Published in final edited form as: Curr Opin Immunol. 2017 Jul 19;47:57–63. doi: 10.1016/j.coi.2017.07.003

Cancer immunotherapy: moving forward with peptide T cell vaccines

Takumi Kumai (1),(2),(3),*, Aaron Fan (1),*, Yasuaki Harabuchi (2), Esteban Celis (1)
PMCID: PMC5626598  NIHMSID: NIHMS891332  PMID: 28734176

Abstract

Recent advances in cancer immunology, such as the discovery of immune checkpoint inhibitors, have validated immune cells as potential key players for effective cancer treatment. The efficacy of these therapies seems to be codependent on a tumor-reactive T lymphocyte response. For many years, numerous attempts and strategies in developing vaccines to generate tumor-reactive T cells have yielded poor results in the clinic due to suboptimal immunogenicity and the inability to overcome an immunosuppressive tumor microenvironment. In this review, we summarize past and current advances in T cell vaccines and describe our experience in developing optimized methods for antigen/adjuvant selection and vaccine administration in order to induce powerful anti-tumor responses.

1. Introduction

Undoubtedly, vaccines are effective in preventing infections by recruiting various components of the immune system against numerous pathogens.

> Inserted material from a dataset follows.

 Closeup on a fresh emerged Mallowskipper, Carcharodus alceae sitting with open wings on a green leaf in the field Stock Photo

Since the immune system has the ability to recognize transformed malignant cells and limit tumor growth, immunotherapy has now become an effective way to treat cancer. Amongst various components of the immune system T cells and in particular CD8 cytotoxic T lymphocytes (CTLs) are the most effective elements in recognizing alterations occurring in transformed cells. The antigens recognized by T cells correspond to peptides that associate MHC molecules. Such peptides result from processed proteins from the infectious microorganisms or derived from abnormally expressed gene products in malignant cells. Tumor-reactive T cells are frequently present in cancer patients in the form of tumor-infiltrating lymphocytes (TILs), which normally do not control the disease [1]. However, ex vivo TIL expansion and reintroduction into the patients has demonstrated remarkable therapeutic effects in some patients [2]. Unfortunately TIL therapy is technically challenging, expensive and not all cancers contain TILs. Thus, there is a critical need for other means to generate tumor reactive T cells with a simpler and more cost effective strategy such as vaccination.

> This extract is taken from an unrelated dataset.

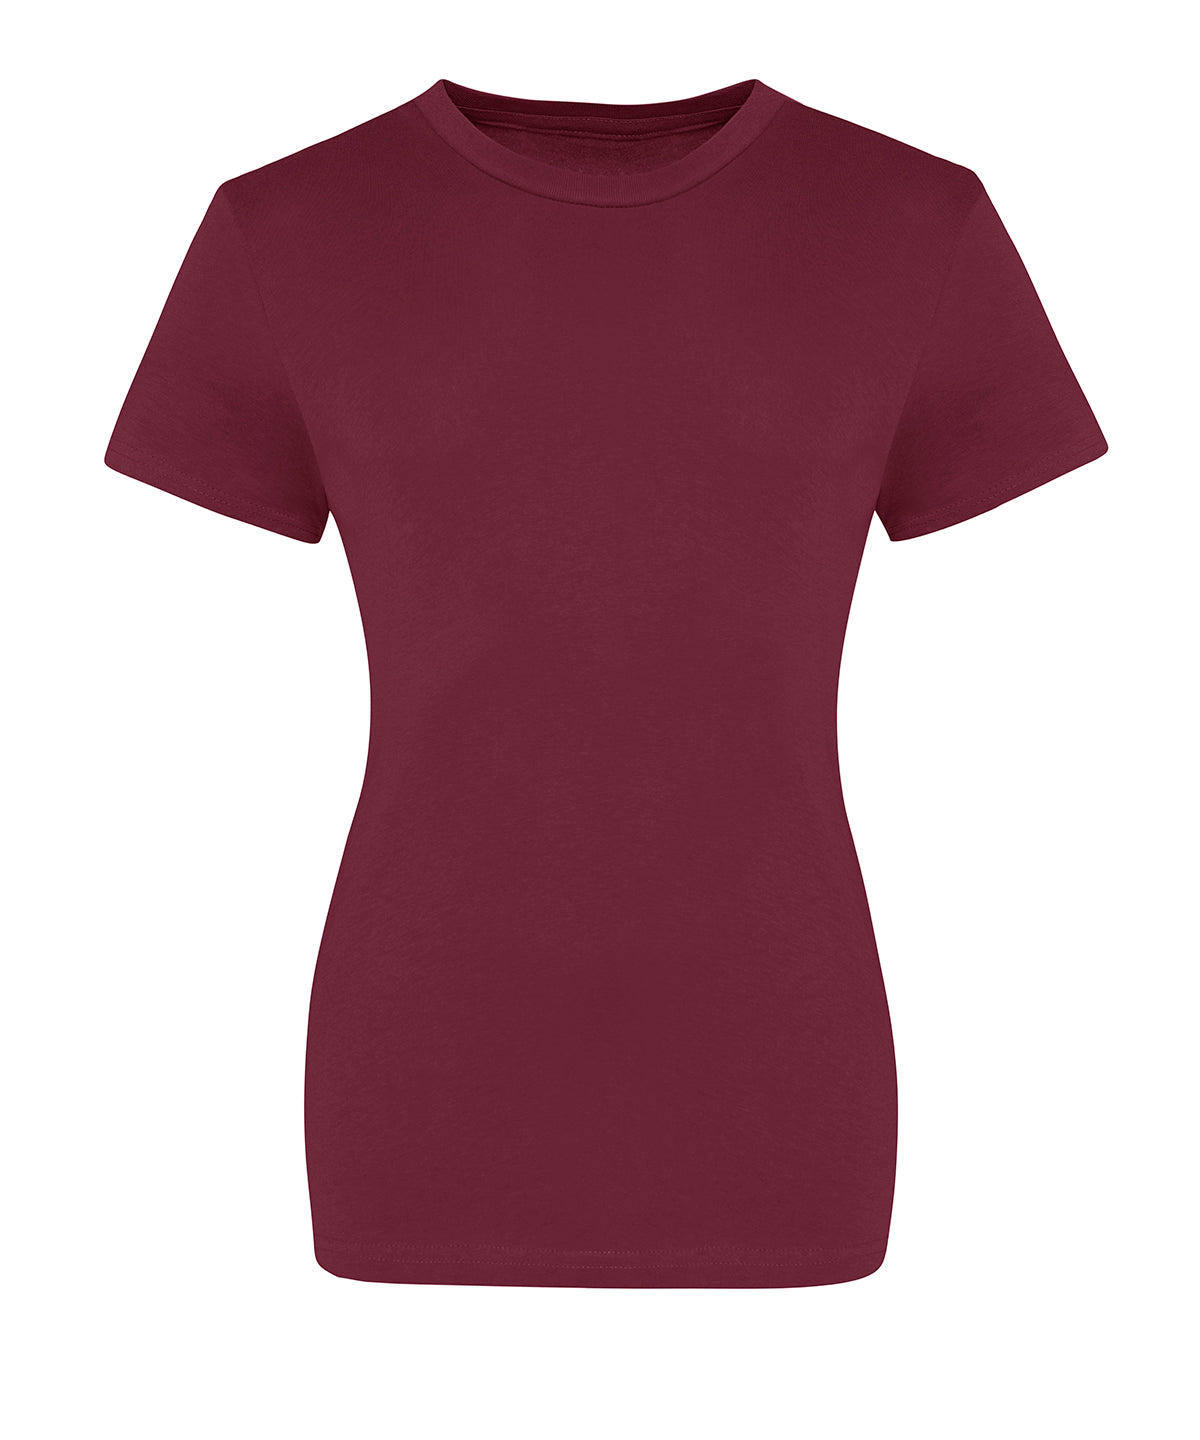 Personalised T-Shirts - Burgundy AWDis Just T's The 100 girlie T

Checkpoint pathways regulate T cells by blocking their function, presumably to prevent pathological autoimmune responses [3]. Antibodies that inhibit two of these immune checkpoint blockades, CTLA4 and PD-1, have shown notable anti-tumor effects [4,5]. However, the proportion of patients that respond favorably to checkpoint blockade inhibitors (CBIs) is low and is confined to particular types of cancer. Because CBIs require the presence of an existing pool of tumor-reactive T lymphocytes, many believe that patients not responding to CBI lack these T cells. Thus, the expectation is that T cell inducing vaccines should increase the effectiveness and expand the applicability of CBIs.

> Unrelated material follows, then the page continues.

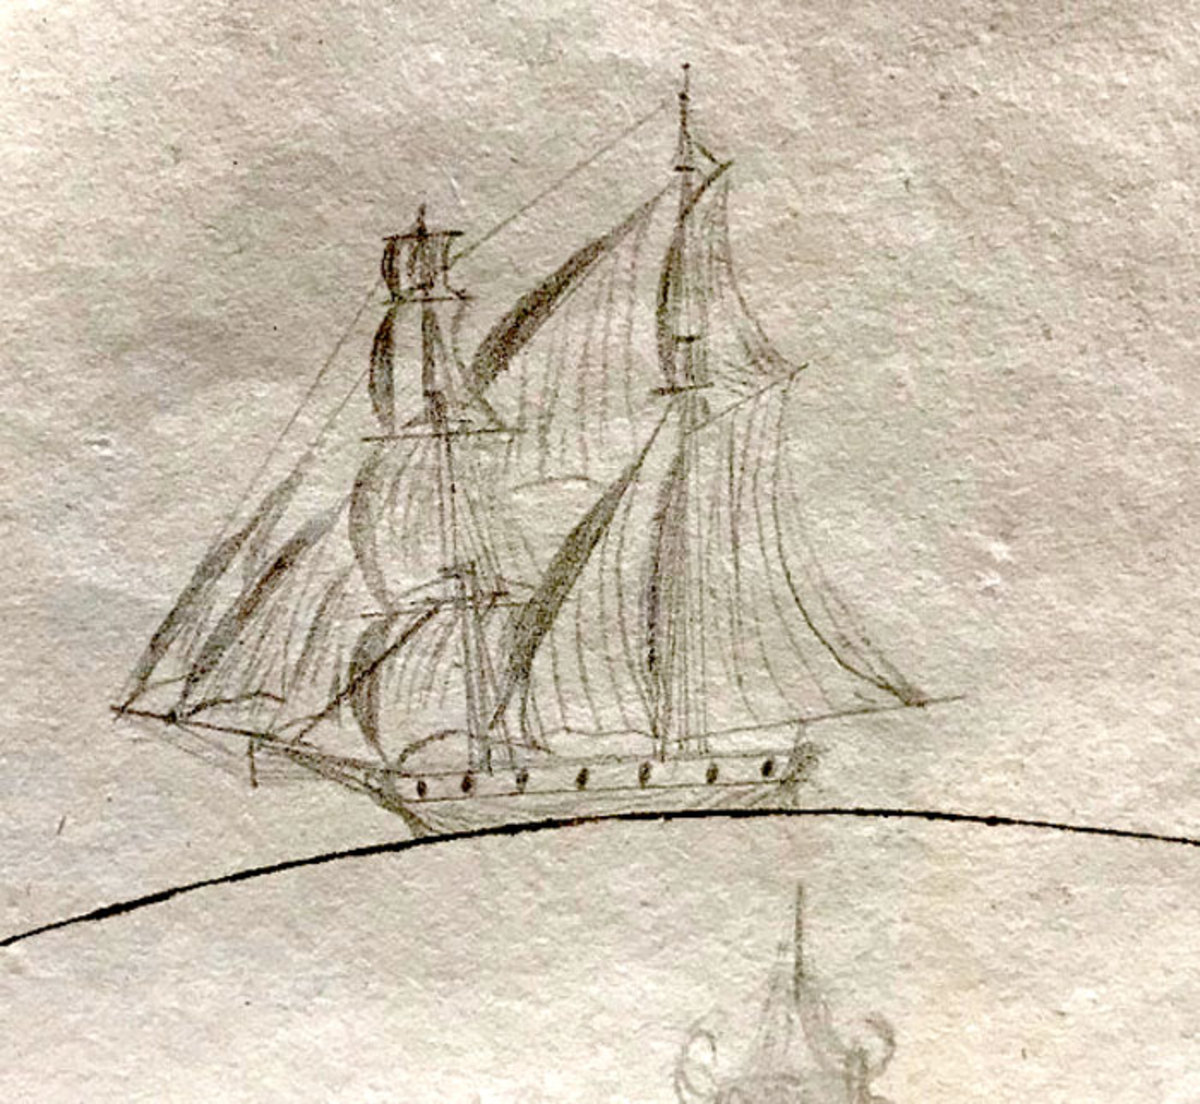 Sketch of brig Industry found inside an 1828 logbook for the brig.

2. Types of T cell vaccines

Various strategies have been used to develop vaccines to generate tumor-reactive T cells (Table 1). This work developed from early pioneering observations in mice where killed tumor cells vaccines prevented the growth of subsequent challenges with live tumor cells [6,7]. Nevertheless these vaccines were less effective when administered into animals bearing established tumors. Vaccines consisting of tumors expressing immune-stimulating cytokines improved their anti-tumor effects [8], but unfortunately the clinical results were not outstanding [912]. Thus, major efforts are devoted to designing more effective vaccines by utilizing defined tumor antigens (TAgs).

Table 1.

Development of vaccines to generate tumor-reactive T cells

Strategy General Overview Reference
Cell-based vaccines
Tumor cells/lysate Killed autologous tumor, cancer cell lines or cell lysates 7, 38
Genetically modified tumor cells Tumor cell lines bioengineered to express cytokines (e.g. GM-CSF, IL- 4) 812, 39
Dendritic cells DCs are isolated or prepared ex vivo and loaded with TAg and then injected to patients 40
Microorganism-based vaccines
Recombinant viruses Attenuated viruses that encode TAg 4143
Recombinant bacteria Attenuated, TAg-expressing bacteria (Listeria, Salmonella) 4445
Recombinant yeast Recombinant yeast particles expressing TAg on their surface enhance and promote presentation of TAg by APCs while avoiding risks associated with live pathogen vaccine models 46
Subunit vaccines
Peptides, proteins Short, or long TAg-derived; synthetic peptides including helper epitopes; carbohydrate- mimetic peptides 20, 21, 26, 3033, 35, 47
DNA or RNA DNA plasmids or RNA encoding TAg or identified T cell epitopes injected to transduce host cells to express TAg 48, 49
Heat shock proteins HSP-TAg complexes isolated from patient tumor extracts to target TAg to APCs 50

3. Antigen selection

The identification of proteins that function as TAgs for T cells and their corresponding peptide epitopes facilitated developing more refined T cell vaccines. Practically, TAgs for T cells are grouped into 4 types (Table 2): A) Products of oncogenic viruses; B) Developmental or germ cell products; 3) Tissue-specific differentiation antigens; 4) Products of genetic alterations derived from malignant transformation.

Table 2.

Types of tumor antigens for T cells

TAg Type Pros Cons Examples
A. Products of oncogenic viruses High immunogenicity (no tolerance) The target tumors are limited EBV, HBV, HPV
B. Developmental or germ cell products Lower risk of recognizing self- antigens in normal tissue (low tolerance)
TAgs can be pharmacologically induced in tumor cells
Possibility of adverse effects to reproductive organs??? Tumor-testis antigens (MAGE-A3, NY- ESO1)
C. Tissue-specific differentiation antigens High specificity, lower risk of off- target effects The target tumors are limited, possibility of adverse effects to normal tissues
Low immunogenicity (tolerance)
Melanosomal proteins (gp100, Trp1, Melan- A/Mart-1), prostatic proteins (PSA, PAP)
D. Products of genetic alterations derived from malignant transformation High immunogenicity The identification of neoepitopes in each individual (i.e. expensive and complicated) a) Overexpressed gene products (HER2/NEU, CEA
b) Mutation-derived epitopes (P53, Ras, EGFRvIII, BCR-ABL, point mutations/neoepitopes)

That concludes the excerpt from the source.